Hiyori pulled in a patient breath. "Then why are you trying so hard?"

He watched it, like a single pebble arching through the air to land on top of the mountain, and the whole thing collapsed. The tears poured from his eyes, faster than he could comprehend, and all he understood was pain that squeezed the air out of his lungs. He wept.

It wasn't a silent cry. It wasn't a reluctant waver to stubborn tears. It wasn't prickly eyes and a stinging nose, and a toxic stubbornness to refuse emotions he didn't understand. He wept.

It was loud. It was wet. It was defenseless, and exposed, and every kind of vulnerable he had never wanted to be. It was heartbreaking, and he was consumed by it, like getting caught in the tide and tossed in a whirlpool.

His quivering body slumped forward, hands still gripped around Hiyori's shirt, and his head dropped against his chest. Arms folded around him in a slow embrace, and it was of the sort that continued to reach that something deep and ease away the angry knots in it. It was a painful process. He could have sworn he was dying. But the act of letting something go that he had been double-fisting for almost a year and a half seemed to be taking full advantage of the moment to wash everything out of him.

Hiyori held him in silence. Ikuya and Haru watched, both with creases of compassion on their brows. And Makoto had to turn his back with his hands cupped around his nose, while he let his own tears quietly run their course.

And there they were, all five of them, rocked by the wake behind an event that was much bigger than them — some of them drowning, some of them flailing, all of them trying to keep each other afloat. It was chaotic, and a little bit pathetic, and not at all smooth, but they were there. And they tried not to focus too hard on the fact that one of them was not.


He didn't go home that night. His friends walked him to Marron, and they all sat in silence, staring into mugs of tea and coffee, until there was nothing more to get out of being together in that moment. Makoto hugged him for a long time. Ikuya squeezed his shoulder. Haru patted his head. And he and Hiyori met each others gazes for a weightless, stretching moment. Then they were all gone, and he sat by himself until the café was clean and the lights had been turned out.

His sister came to get him from the table, and he followed her up to her home, where Kon promised he'd take care of Tsukushi for the night, and Asahi ended up in a foreign bed with his sister's arms curled around him. She held him close to her chest with one hand consolingly rubbing his back and the other cupped around his head like a baby. He didn't mind. He didn't have an opinion about it at all, except that it seemed to fend off the inclination to want to slip back into panic and despair, thinking that he was never going to see Kisumi again, and that was his own fault.

"No, it's not," Akane's voice said, vibrating against his forehead.
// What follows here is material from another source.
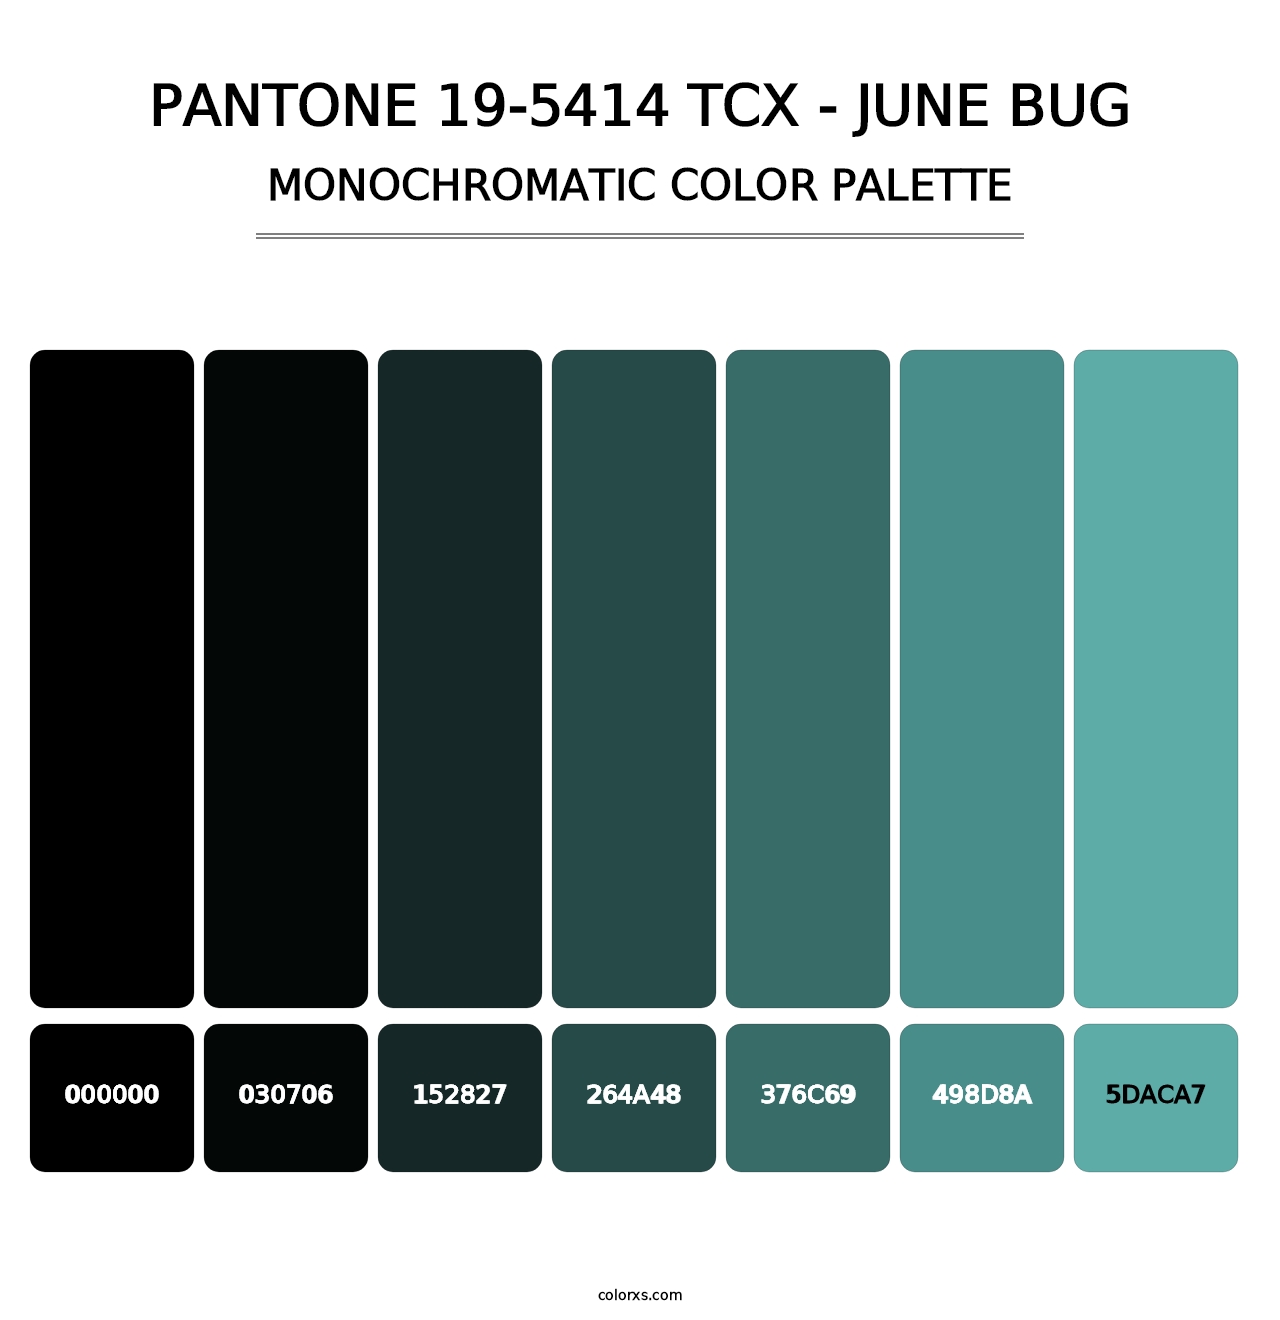 PANTONE 19-5414 TCX - June Bug - Monochromatic Color Palette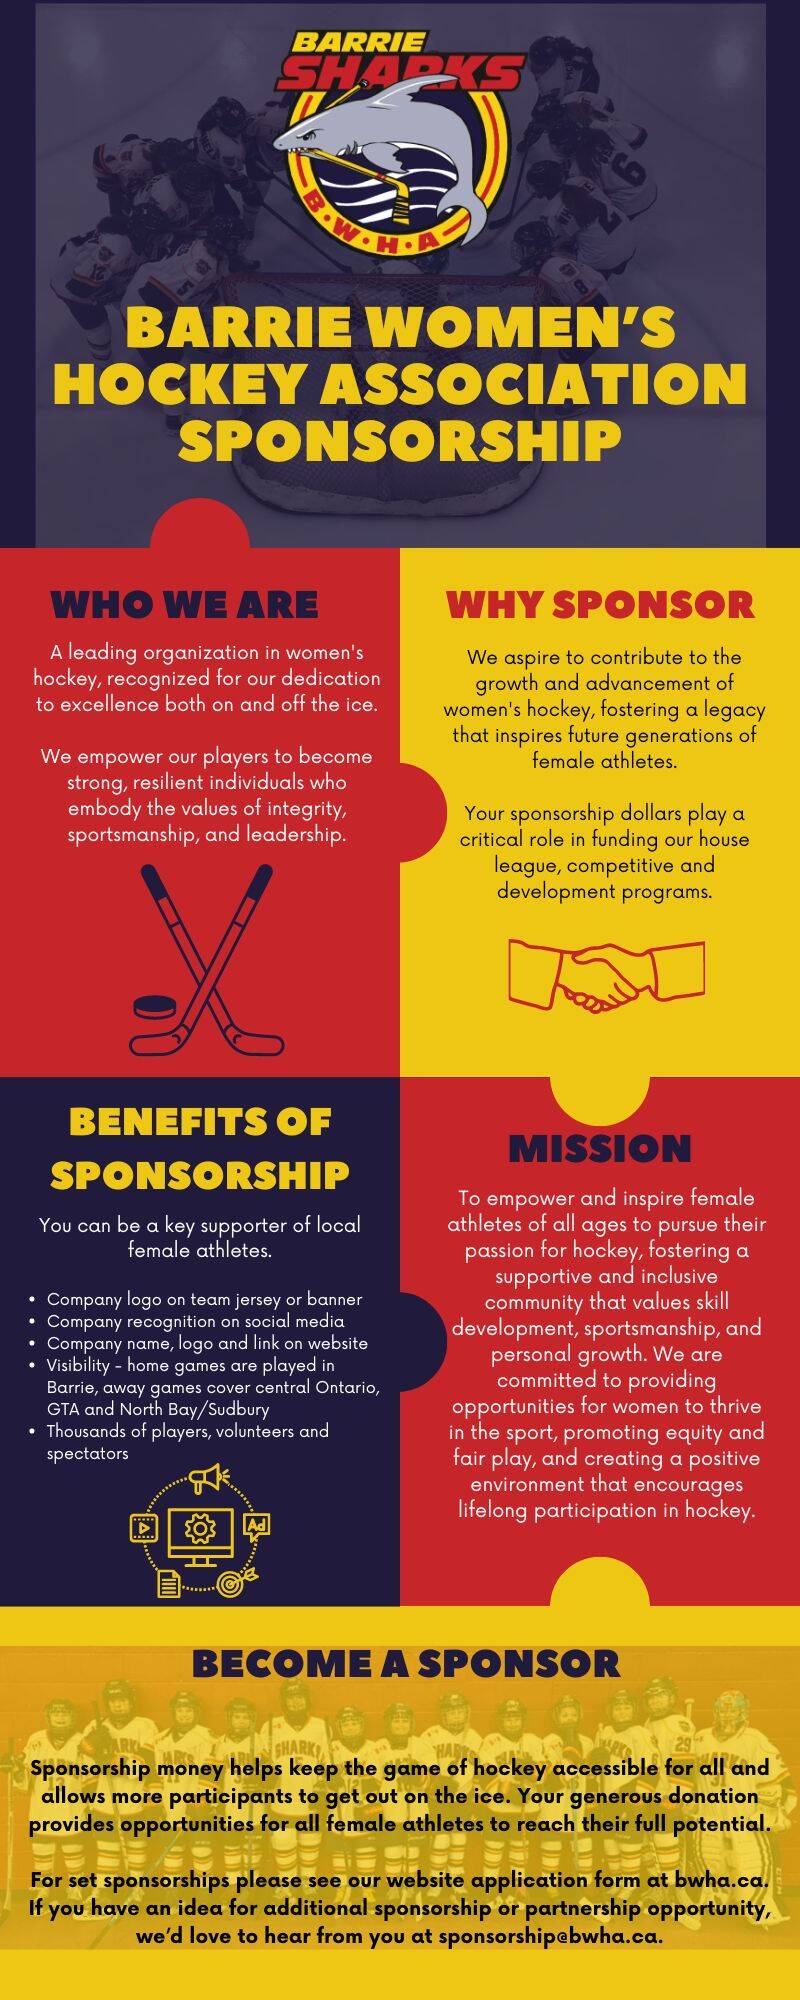 BWHA_Sponsorship_Infographic.jpg

He hadn't realized he'd spoken out loud.

"Kisumi-kun's life is in his own hands, and what he does with it ultimately has nothing to do with how you've responded or haven't responded. You love him with everything you have, and that's all you can do."

"Love doesn't work, Akane," he said quietly, his words muffled by her collar. "All it does is anchor you to things that aren't permanent … and then you end up drowning."

Her arms gave him a squeeze. "That's a lie. And I don't want you to believe it. I'm sorry Mom and Dad didn't give you a good example to look up to growing up. And I'm sorry that you're having to go through so much with Kisumi-kun. But there's love everywhere, Asahi. You're surrounded by it, whether you know it or not, and you've always been exceptional about surrounding other people with it too. It works — just not always in the way you ask it to."

He didn't respond to that. Instead, he focused on the drag of her hand across his back and the tenderness of her fingers in his hair. He closed his eyes, sinking into it all with an exhaustion that was unparalleled. He let the hopelessness drift away to hover on the other side of the room until morning, and he let it take the sadness with it. He felt nothing but his sister holding him, and so he finally slept, for the first time in months.